The two Daanish schools established in Rahim Yar Khan and Hasilpur have been made functional, while the third one is scheduled to be formally launched in Chishtian, Bahawalnagar, within two weeks. Each Daanish School campus, worth around Rs1 billion, consists of separate academic campuses and hostels for boys and girls and has an estimated Rs21 million annual operating expenditure. The government will be spending some Rs15,000 a month per child to offer them quality education through the usage of modern resources of teaching and methodologies by well-qualified and well-trained teachers.

Pointing to the criticism that he was facing for establishing such expensive schools, the chief minister became emotional and said this school was not for children belonging to elite families but hundreds of thousands of boys and girls like Amna.

Everyone present at the ceremony including foreign dignitaries, ministers, local political leaders and lucky children's parents lauded the chief minister's determination. The chief minister said: “I did not commit the crime of rental power or loot Punjab Bank and NICL.” He said if he was given this money, he would have established Daanish schools across Punjab.
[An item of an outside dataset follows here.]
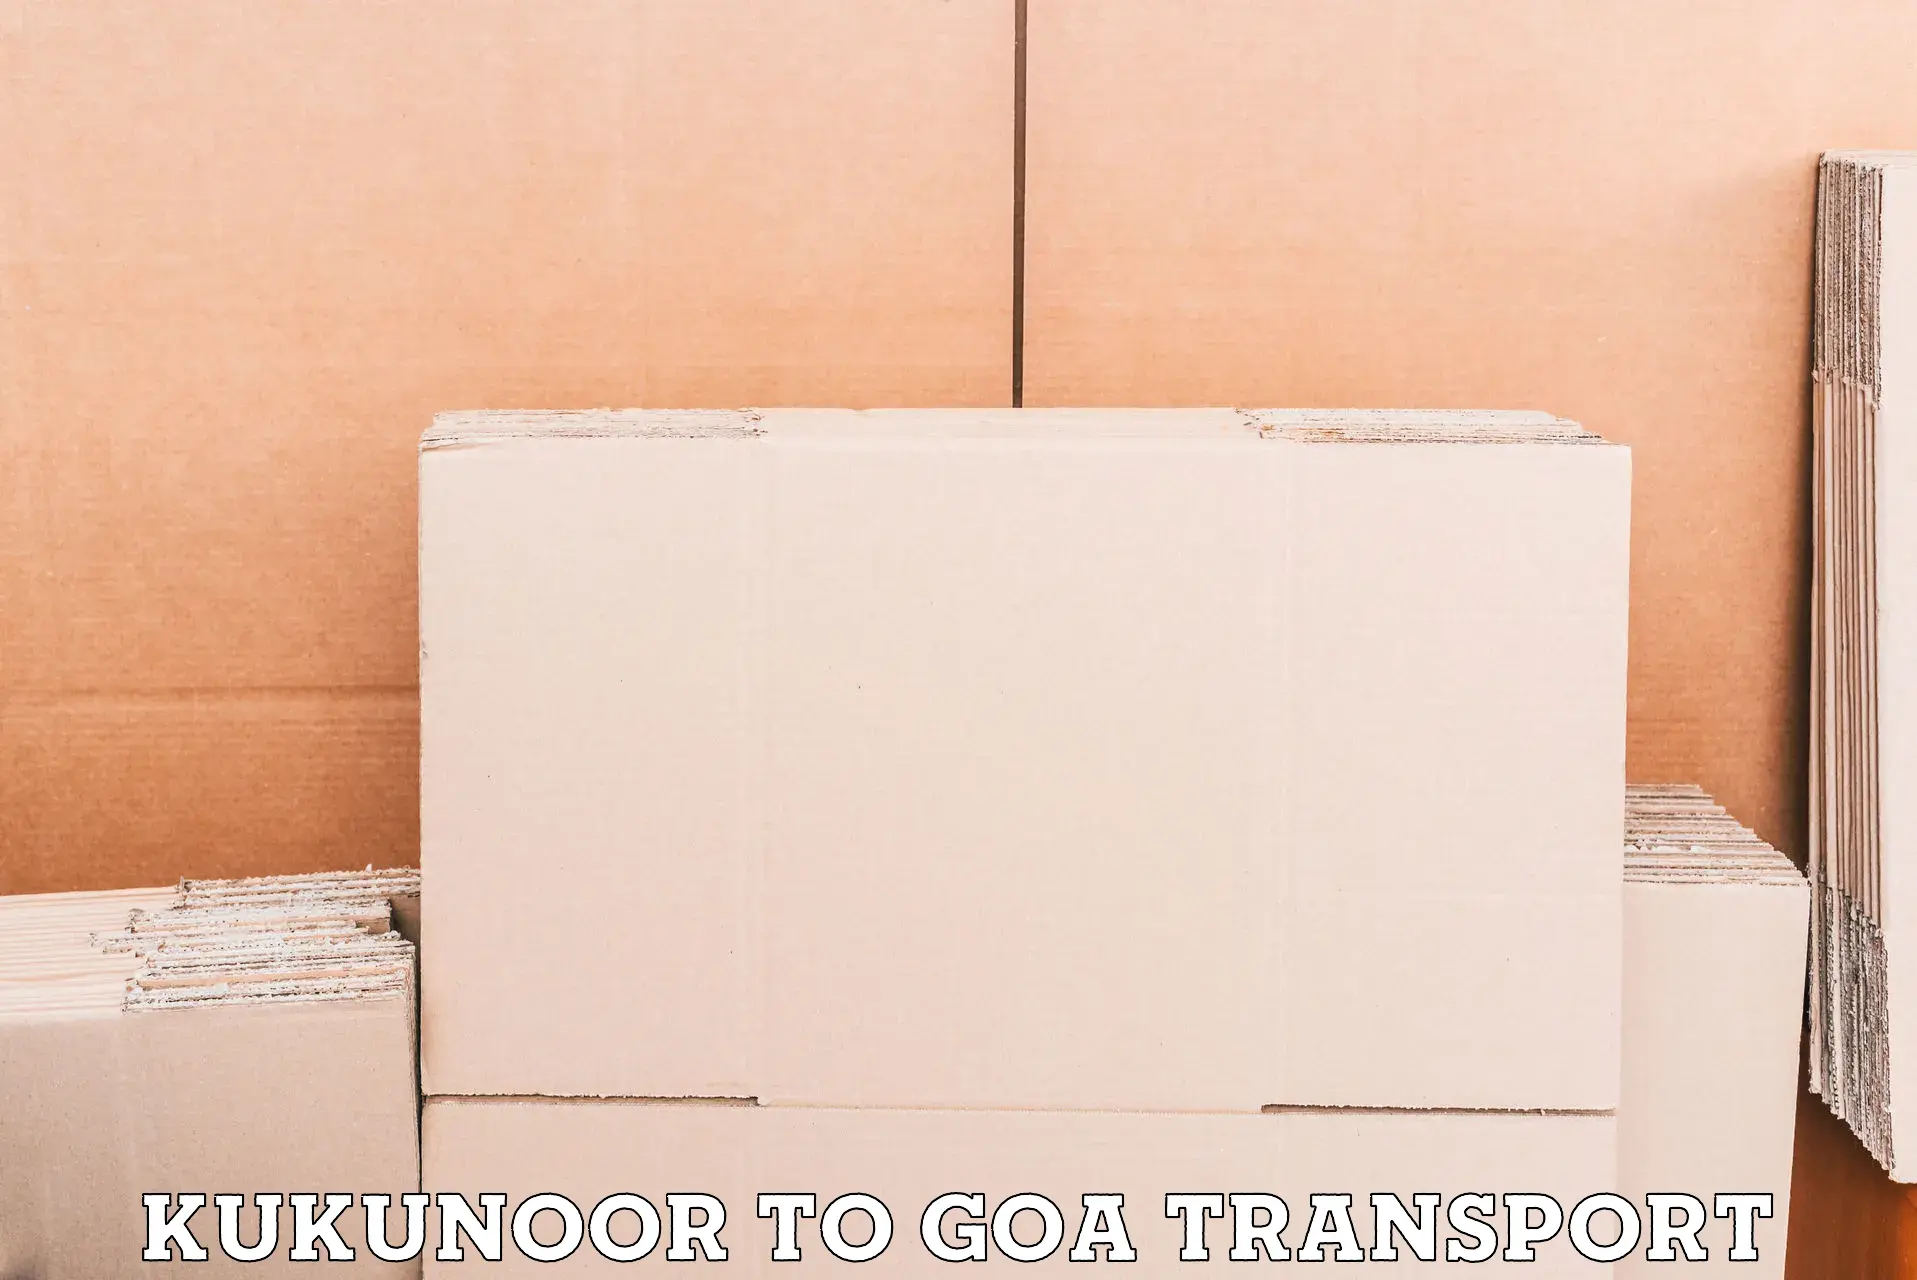 Commercial transport service Kukunoor to Goa University

However, the chief minister's emotional speech did not move some of those present at the ceremony including his critics for the reason that he simply ignored the basic needs of “millions of Amnas” who were unable to find a school that could offer them simple academic environment and bring them out of dark clouds of illiteracy.

The critics believe that flashy projects like Daanish schools cannot even create a stir in improving the education and literacy indicators touching humiliating low rankings. Pakistan is just ahead of Afghanistan among all South Asian countries in terms of education indicators. Learning levels of most students in public schools are much below their class-wise standards.

The Punjab Literacy and Non-Formal Basic Education (LNFBE) Department's five-year strategic plan for 2010-2015 says that 3.8 million children, including two million girls, of 5-9 age group were out-of-school in 2009. The number of out-of-school children from amongst 5-14 age group is even more scary - a whopping 6.5 million - and this frightening figure is on the rise!

May be the Programme Monitoring and Implementation Unit (PMIU) is either not able to gather data about school education's on ground situation or just not communicating the data to people at the helm of affairs for taking informed decisions instead of emotional ones!

When such a huge backlog is waiting for government's initiatives to improve on the ground situation, flashy projects like Daanish schools will be criticised. “There is a need to prepare a cake first than going for its toppings and embellishing,” says an educationist.

While the Punjab government is all set to fail in meeting the Millennium Development Goals (MDGs) and Education For All (EFA) goals by 2015, it formally recognised its failure when former Punjab LNFBE department secretary Haseeb Athar in March last year set a new target of achieving cent per cent literacy rate by 2020. Mr Athar is now heading the Punjab higher education department.

The Punjab school education department is quietly merging schools and has brought down the tally of 63,000 schools to 61,000 now. “The mergers are currently being done 'carefully' to avoid backlash. The Punjab government wants to bring down this tally to 40,000 schools so that they might be provided missing facilities and run effectively,” says school education department secretary Aslam Kamboh.

Punjab Planning and Development chairman Javed Aslam also endorses this plan, saying that most schools are opened on political grounds and have just 100 or less students. This whole equation of building state-of-the-art 'poor man's Aitchisons' and ignoring the stark realities regarding literacy rate, learning outcomes and out-of-school children is pinching those who are more loyal to the people of Punjab than the chief minister.

Mr Sharif in his speech said: “We are fooling ourselves by not providing educational opportunities to millions of children who will remain unable to decide between black and white and fact and fiction.” Stating that people would never be able to keep their heads high, he said: “We still claim we are greatest scions of Islam.”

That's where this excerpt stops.